(WHAT THE TASK ASKS) Once the pictures are set aside, transcribe each line of the listing exactly.

(PROVIDED MATERIAL)
Segment Open

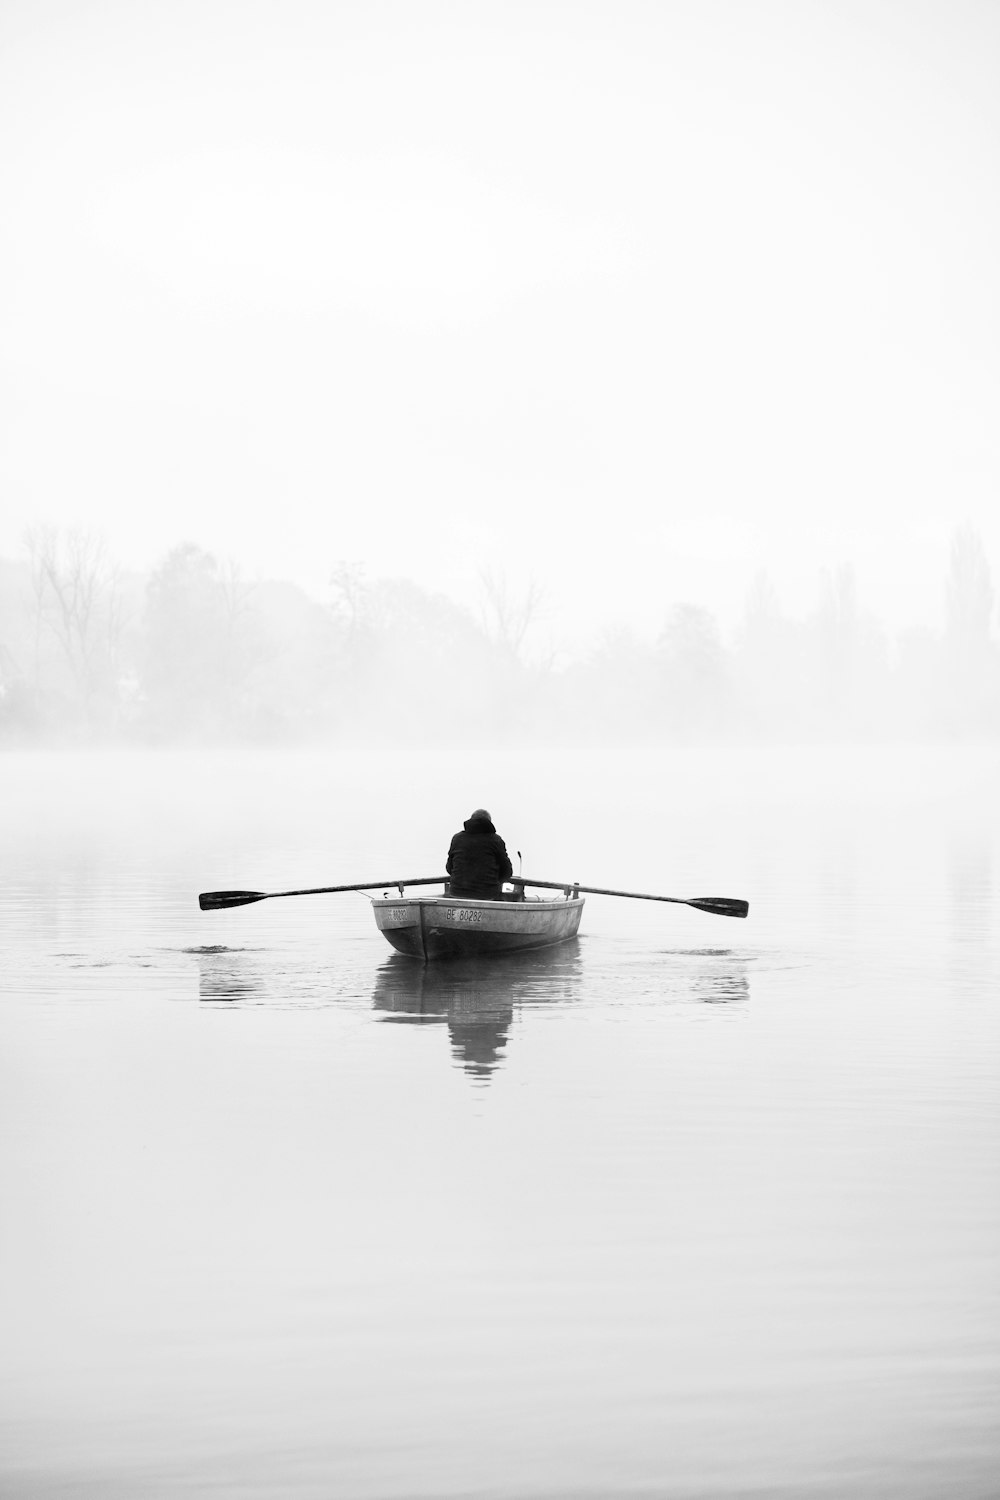 a person in a row boat on a foggy lake
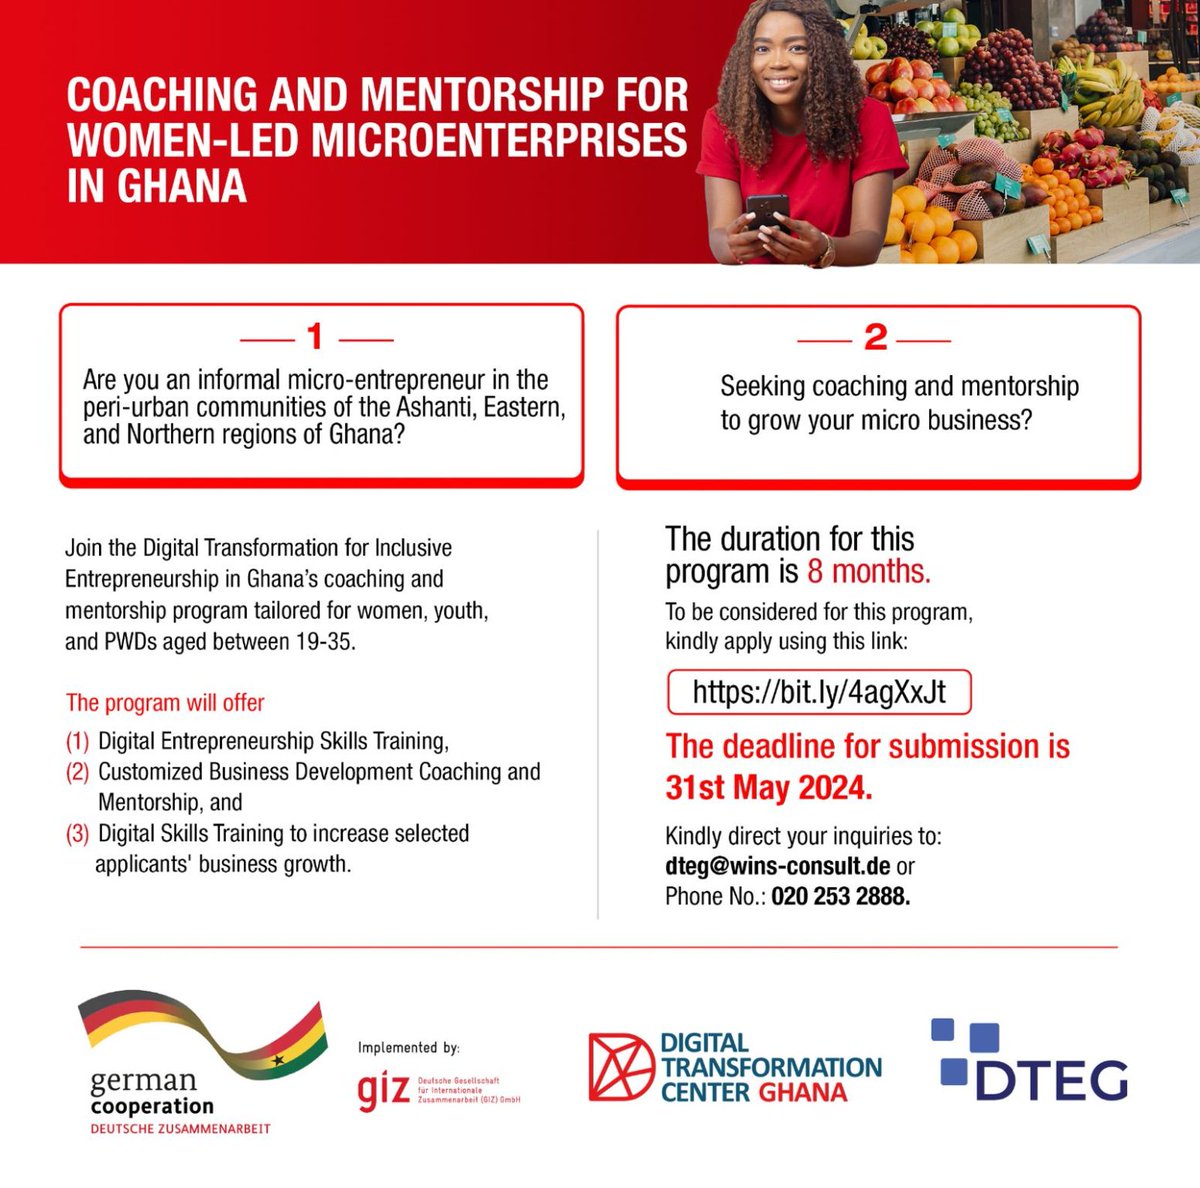 Coaching And Mentorship For Women-Led Micro-Enterprises In Ghana 

 accessagric.com/coaching-and-m…

#coaching #mentorship #women #microenterprise #ghana

Segment Closed

(WRITTEN RESPONSE)
 a person in a row boat on a foggy lake
 Coaching And Mentorship For Women-Led Micro-Enterprises In Ghana 

 accessagric.com/coaching-and-m…

#coaching #mentorship #women #microenterprise #ghana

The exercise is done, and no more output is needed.